About this exercise: Exact reproduction of the listing is required. Pictures are not reproduced.

Dataset section:

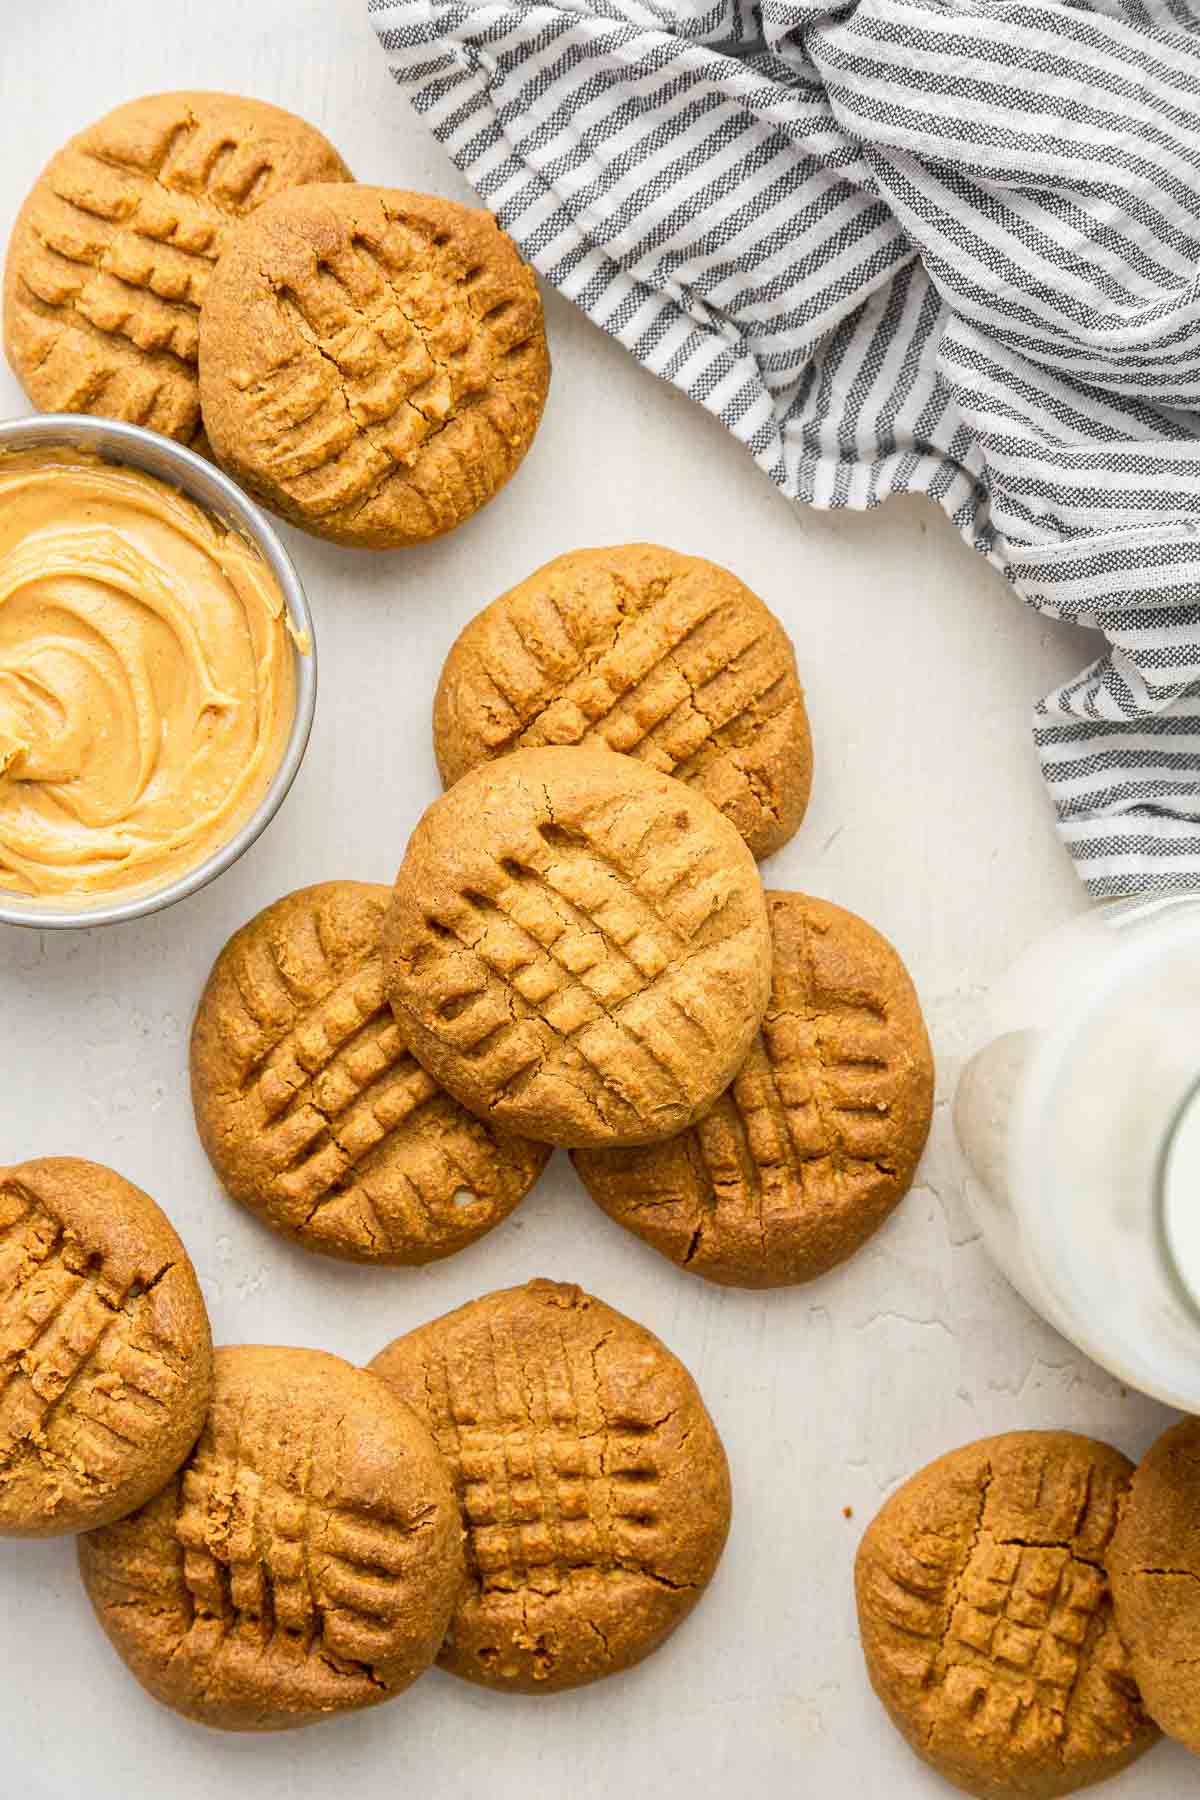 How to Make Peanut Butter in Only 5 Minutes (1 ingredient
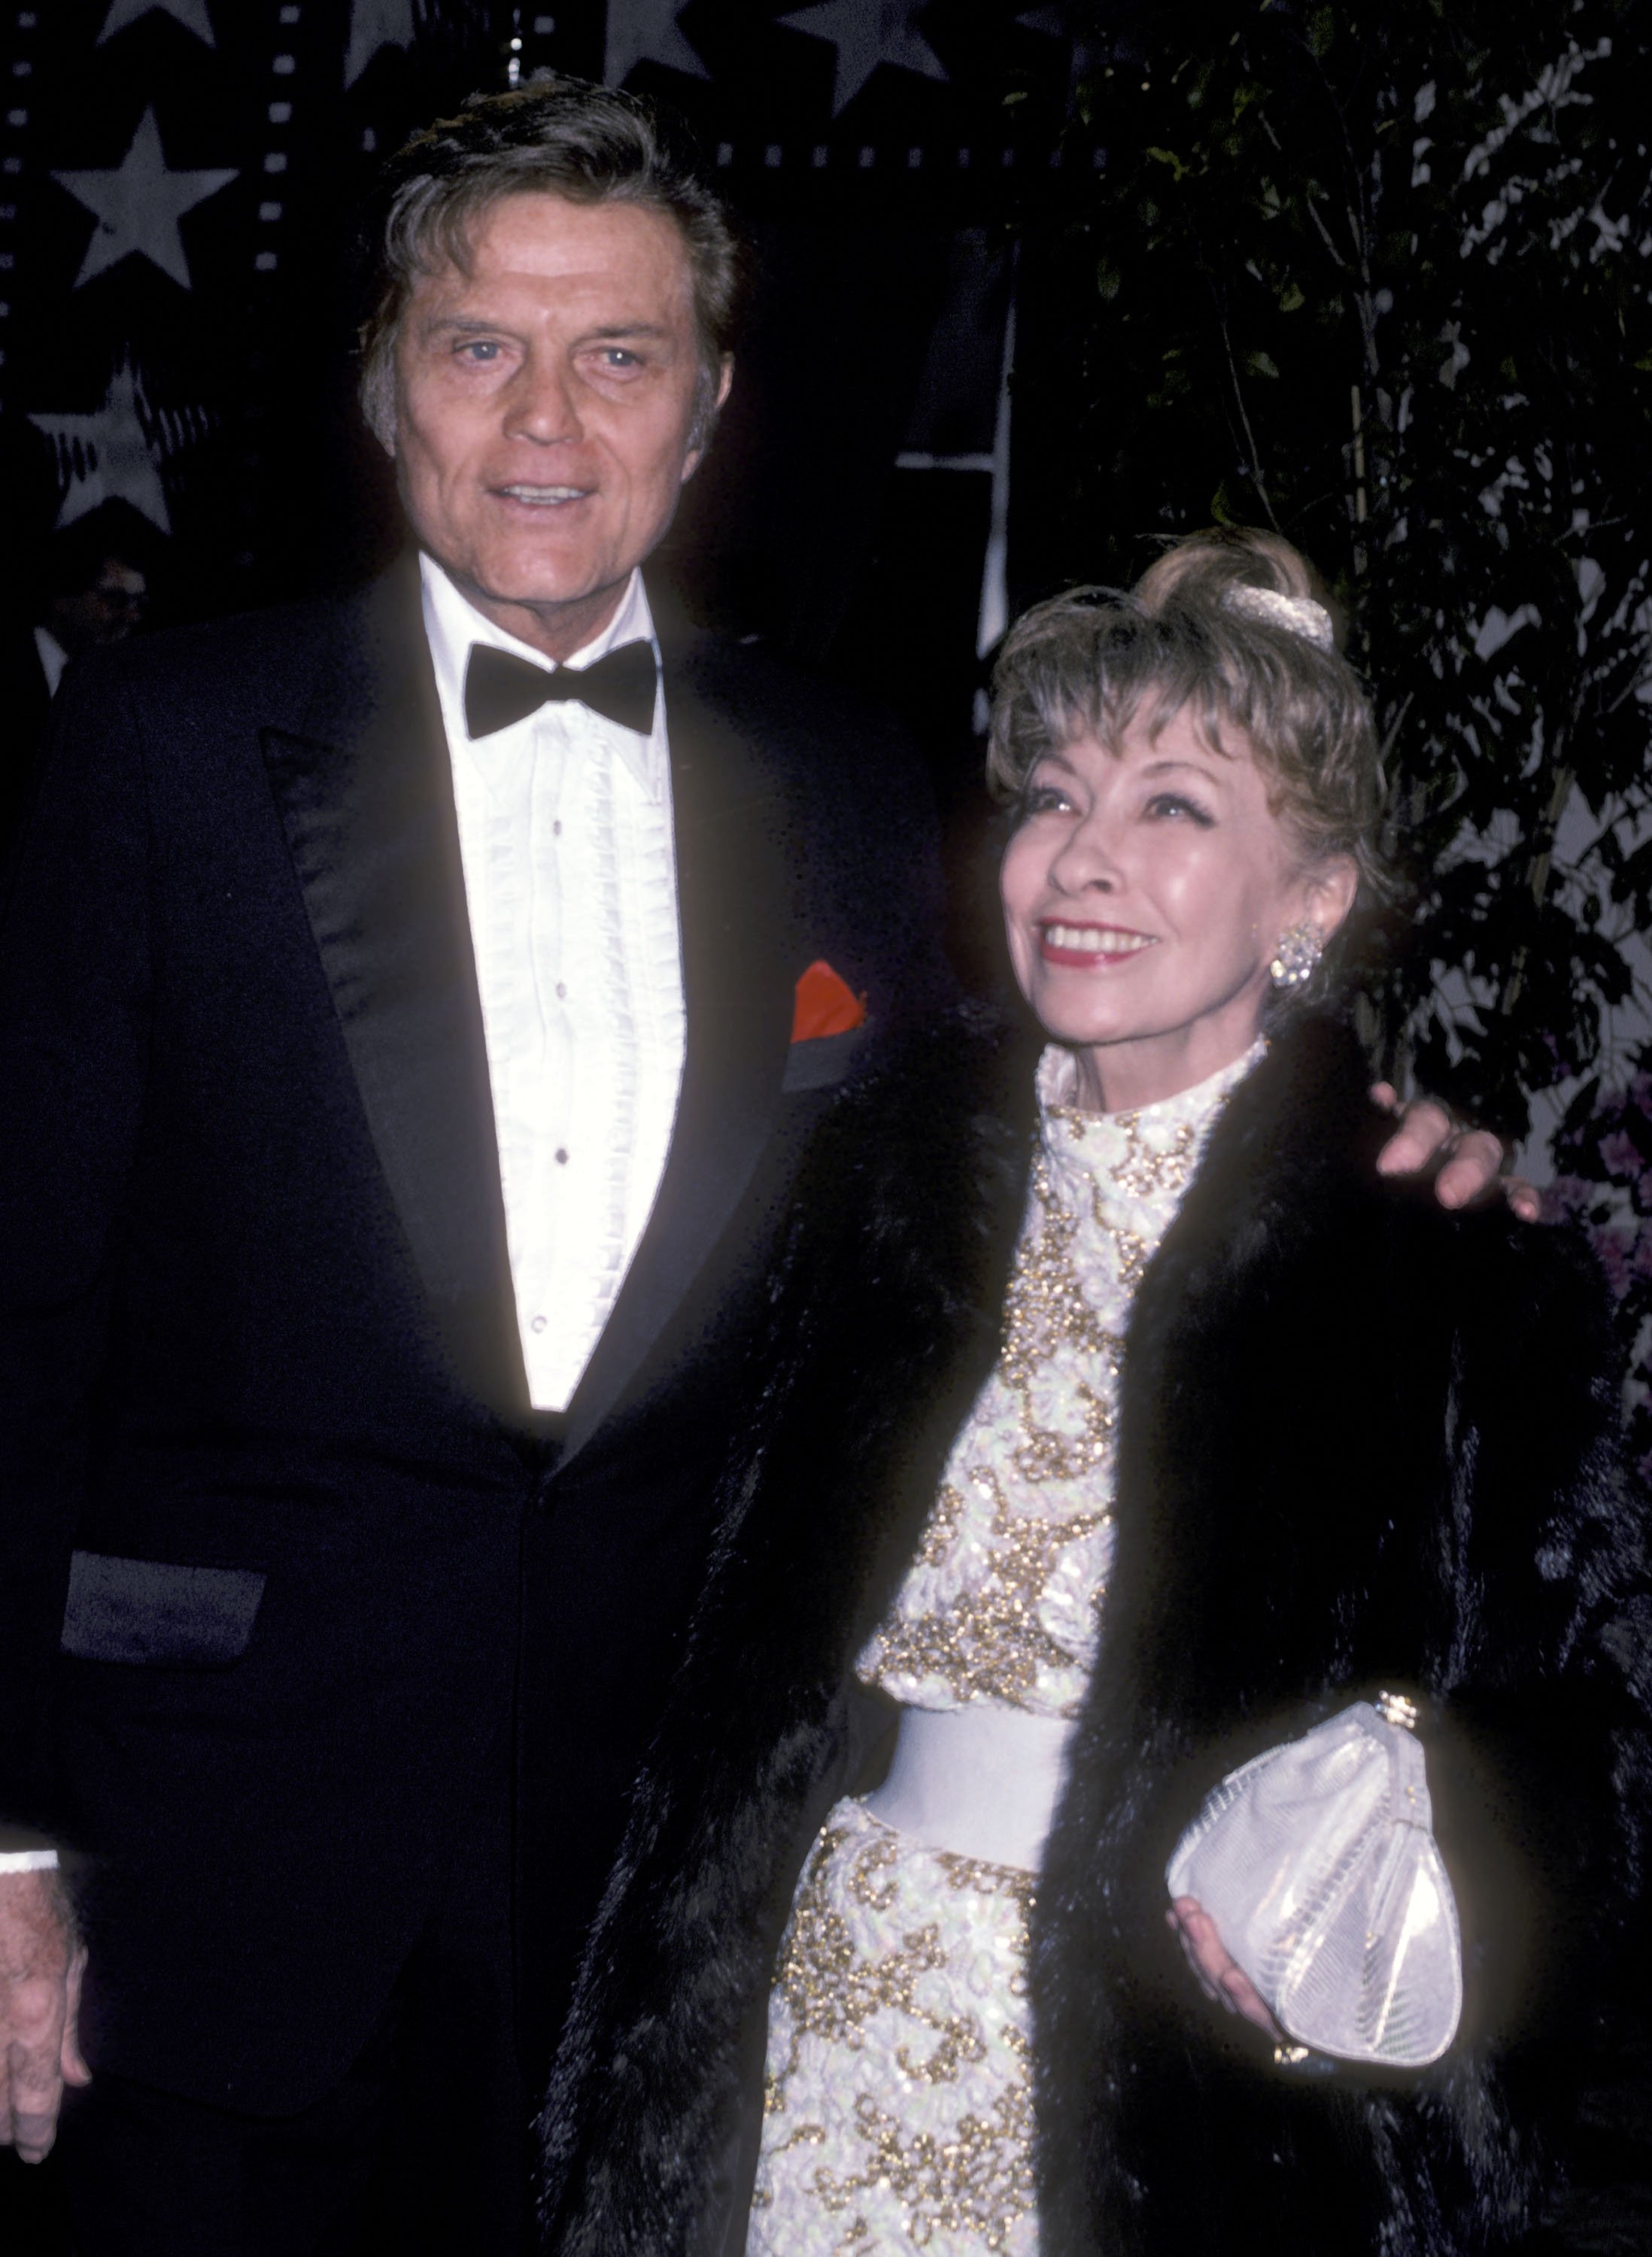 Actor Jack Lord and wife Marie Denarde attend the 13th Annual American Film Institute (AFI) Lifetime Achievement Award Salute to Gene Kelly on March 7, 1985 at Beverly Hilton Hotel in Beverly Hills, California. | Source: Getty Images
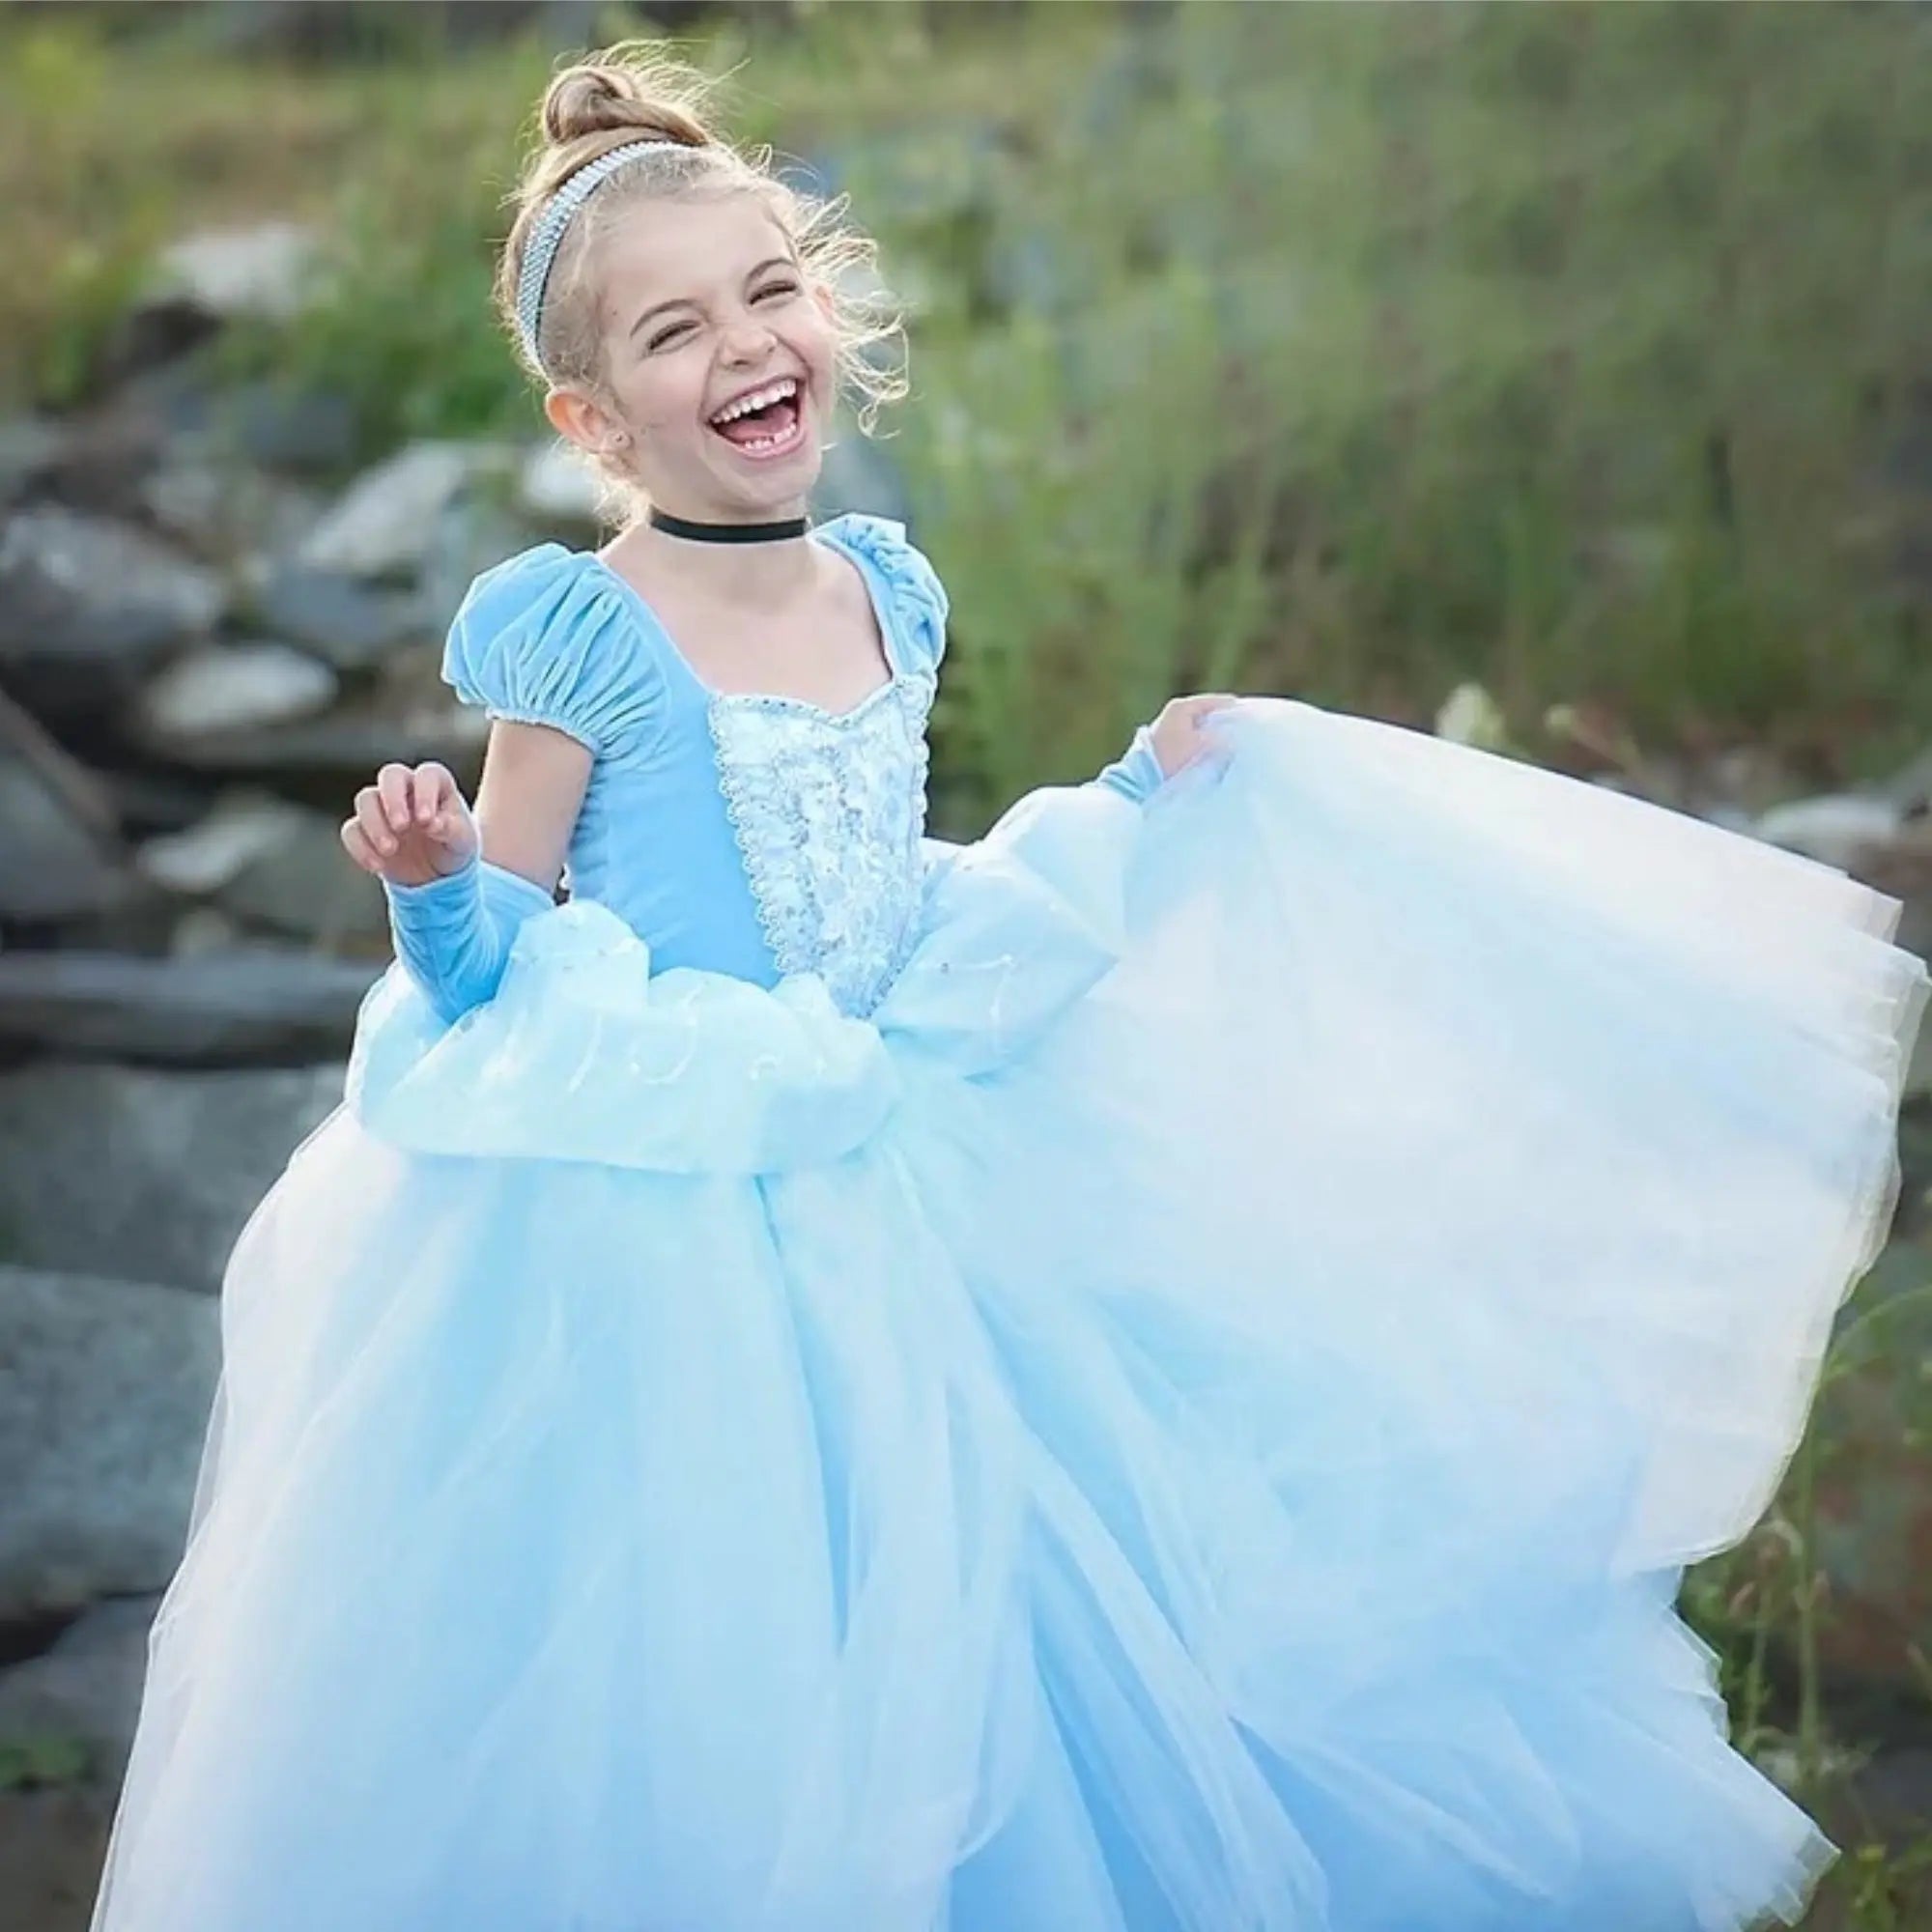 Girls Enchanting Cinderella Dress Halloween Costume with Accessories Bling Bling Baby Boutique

Exercise output:
 How to Make Peanut Butter in Only 5 Minutes (1 ingredient
 Actor Jack Lord and wife Marie Denarde attend the 13th Annual American Film Institute (AFI) Lifetime Achievement Award Salute to Gene Kelly on March 7, 1985 at Beverly Hilton Hotel in Beverly Hills, California. | Source: Getty Images
 Girls Enchanting Cinderella Dress Halloween Costume with Accessories Bling Bling Baby Boutique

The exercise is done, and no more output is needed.